Could you restate the whole listing below word for word, minus the pictures?

- **Data provided**
*** Begin section ***
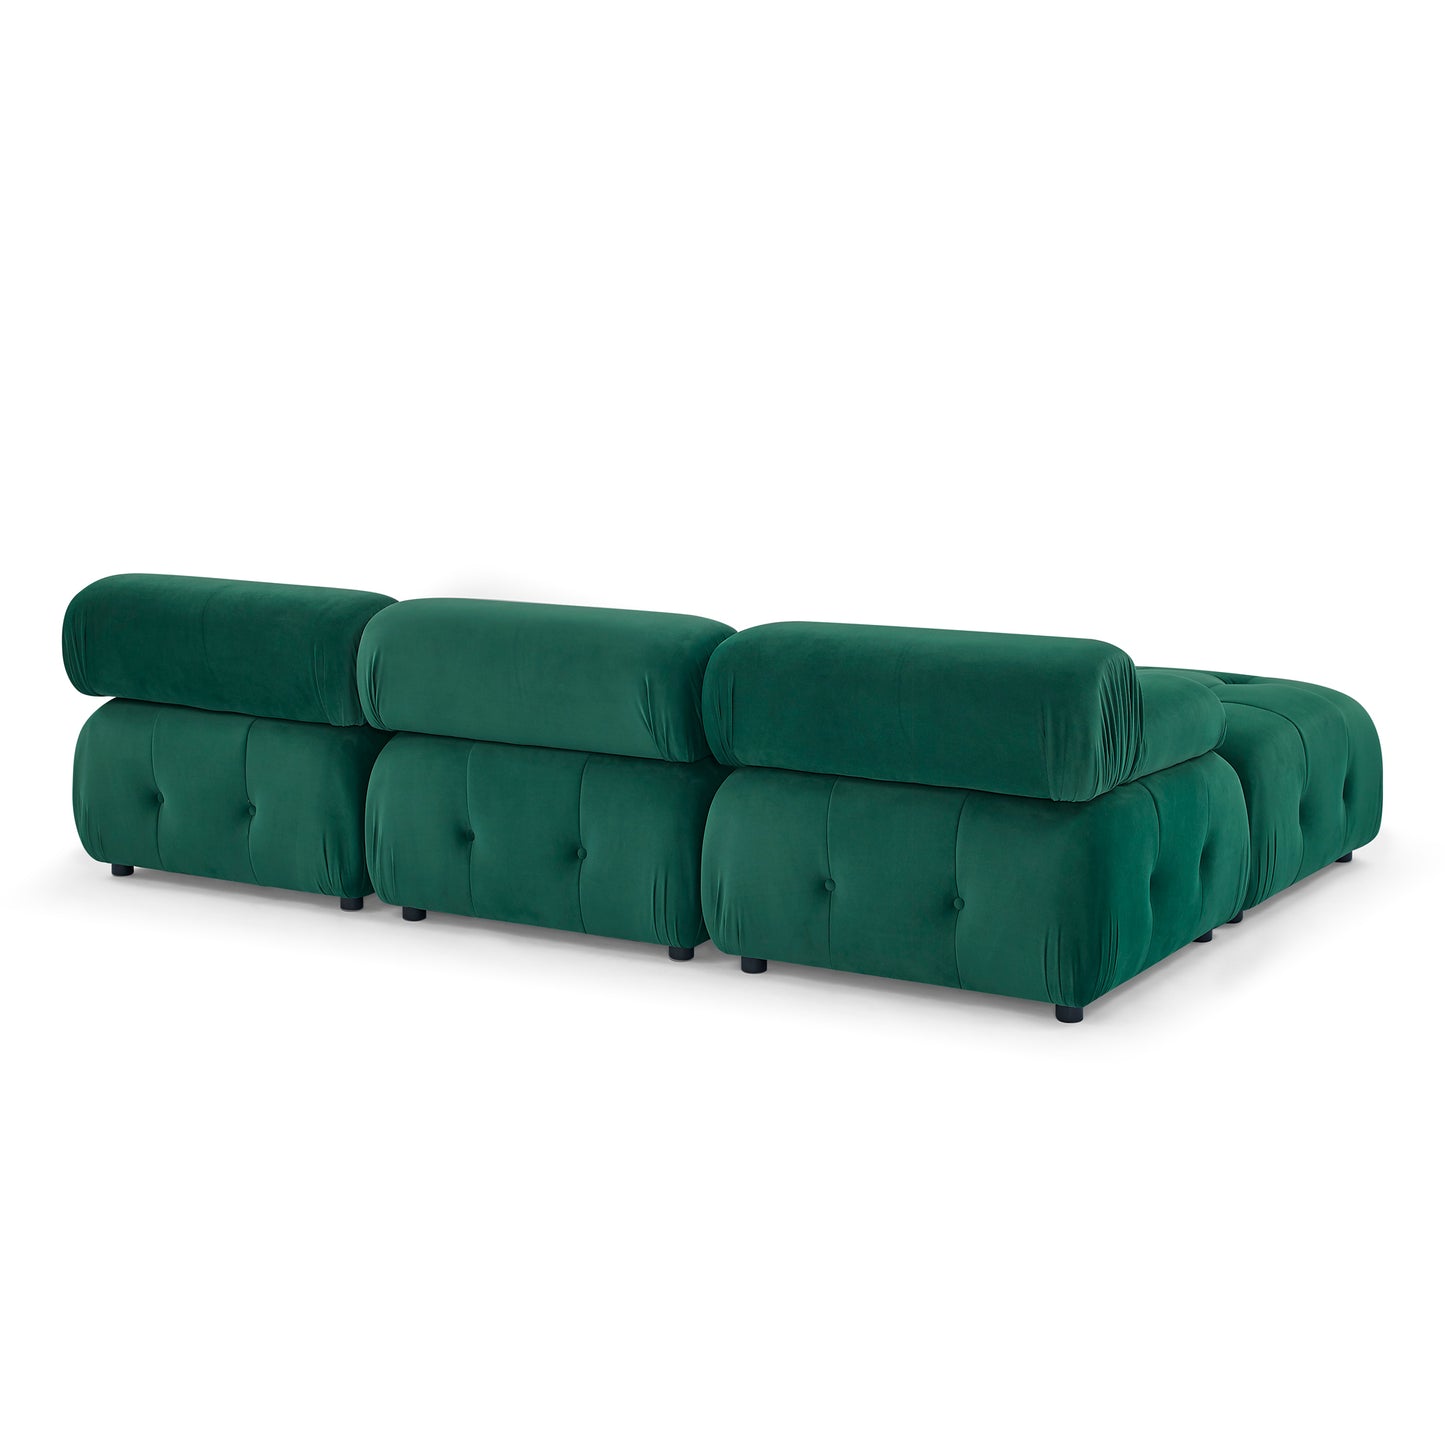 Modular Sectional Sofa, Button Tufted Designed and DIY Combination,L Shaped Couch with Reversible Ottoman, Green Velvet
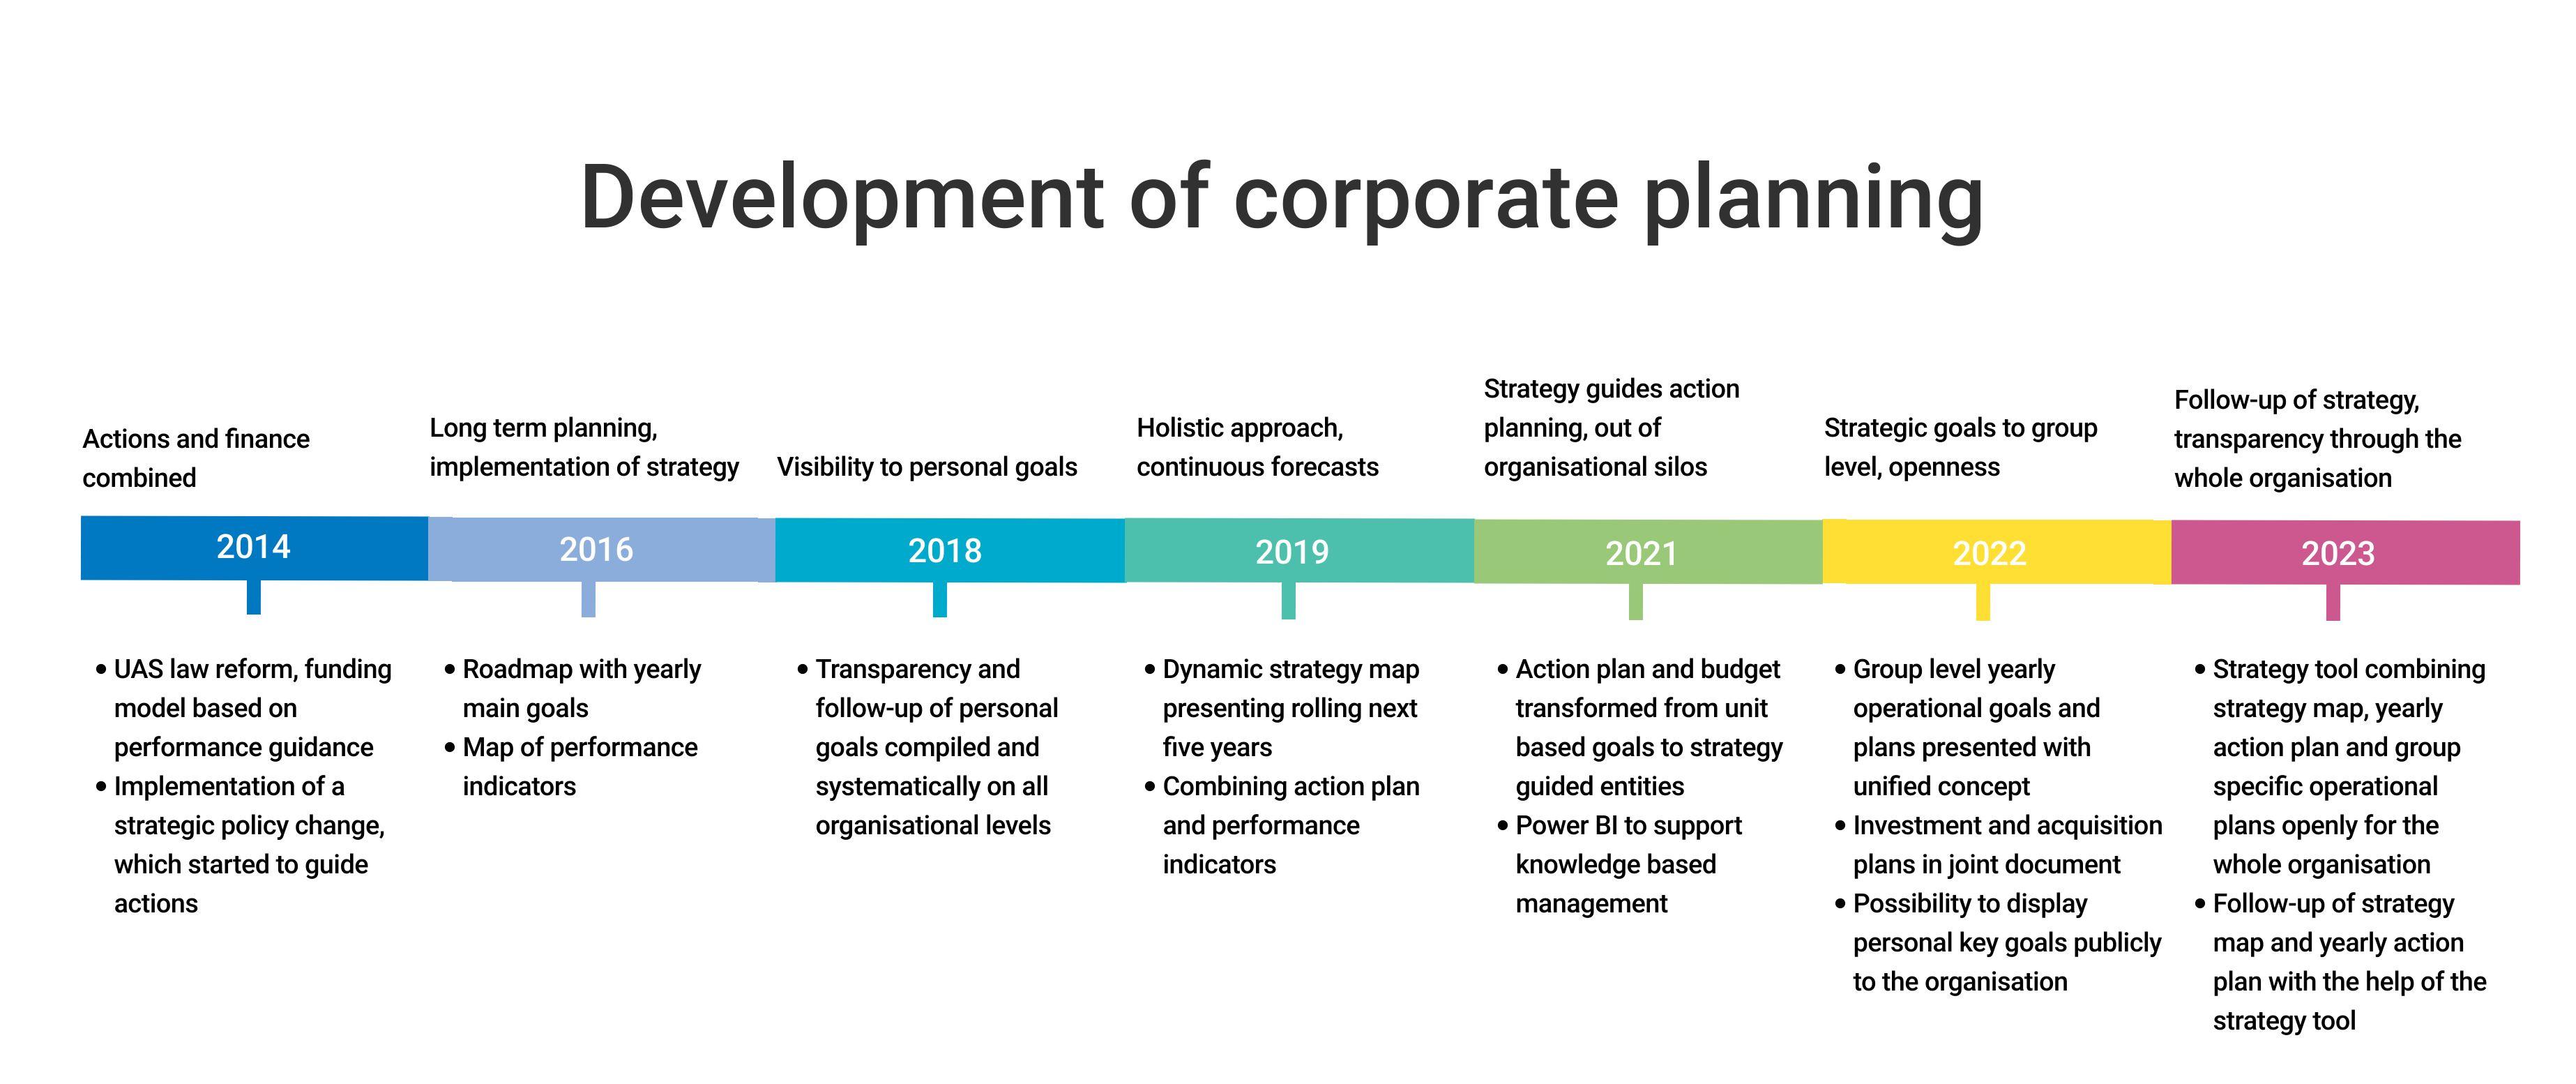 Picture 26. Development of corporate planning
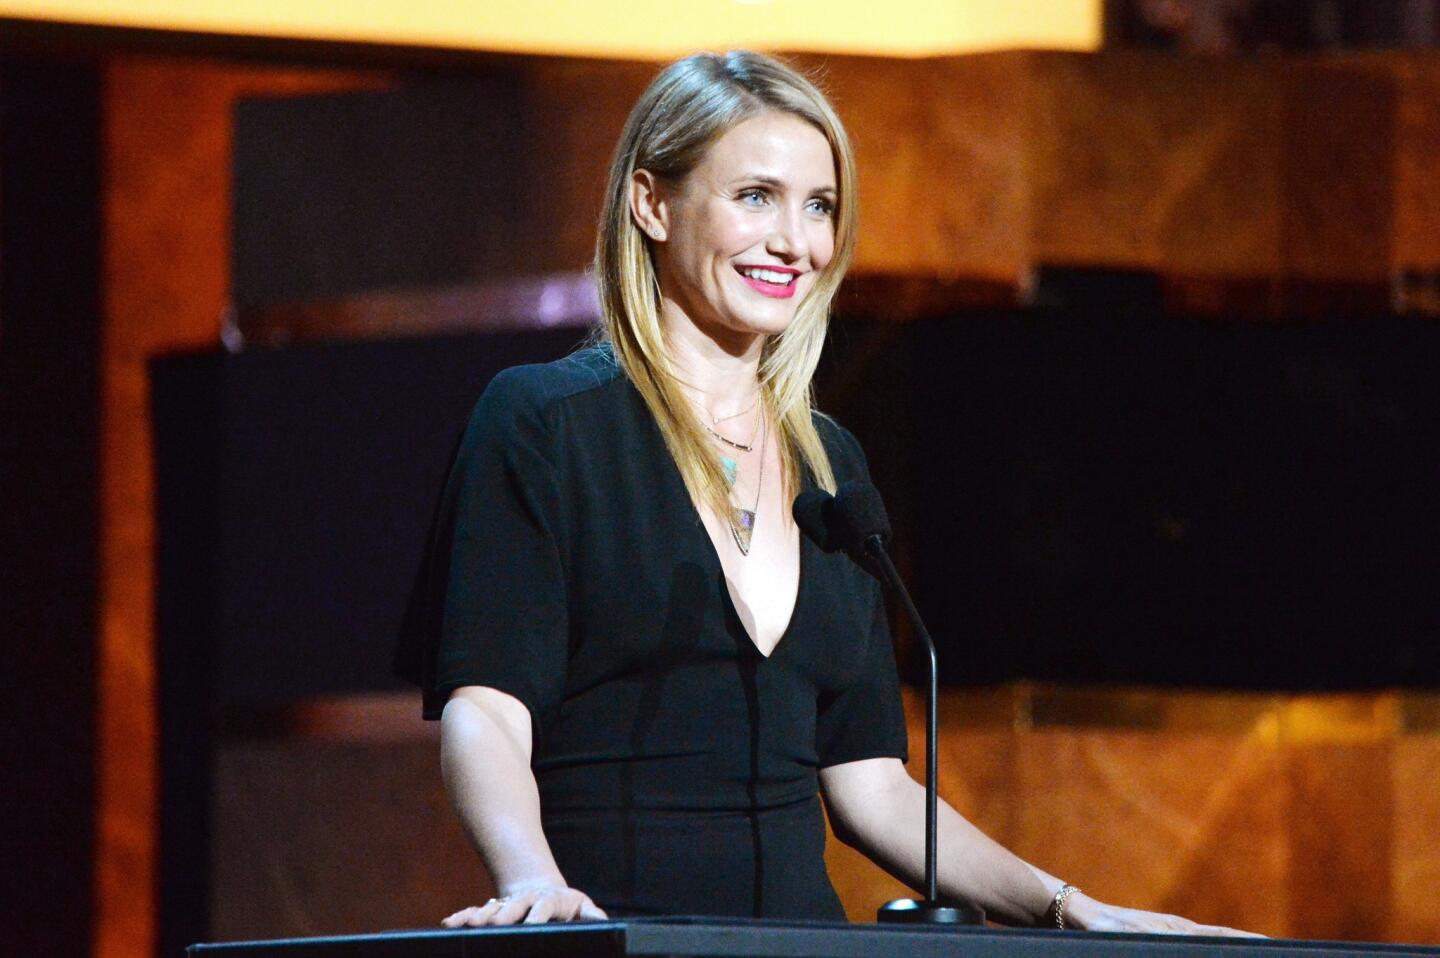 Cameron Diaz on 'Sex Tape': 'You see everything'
*** End section ***
- **Reply**
 Modular Sectional Sofa, Button Tufted Designed and DIY Combination,L Shaped Couch with Reversible Ottoman, Green Velvet
 Picture 26. Development of corporate planning
 Cameron Diaz on 'Sex Tape': 'You see everything'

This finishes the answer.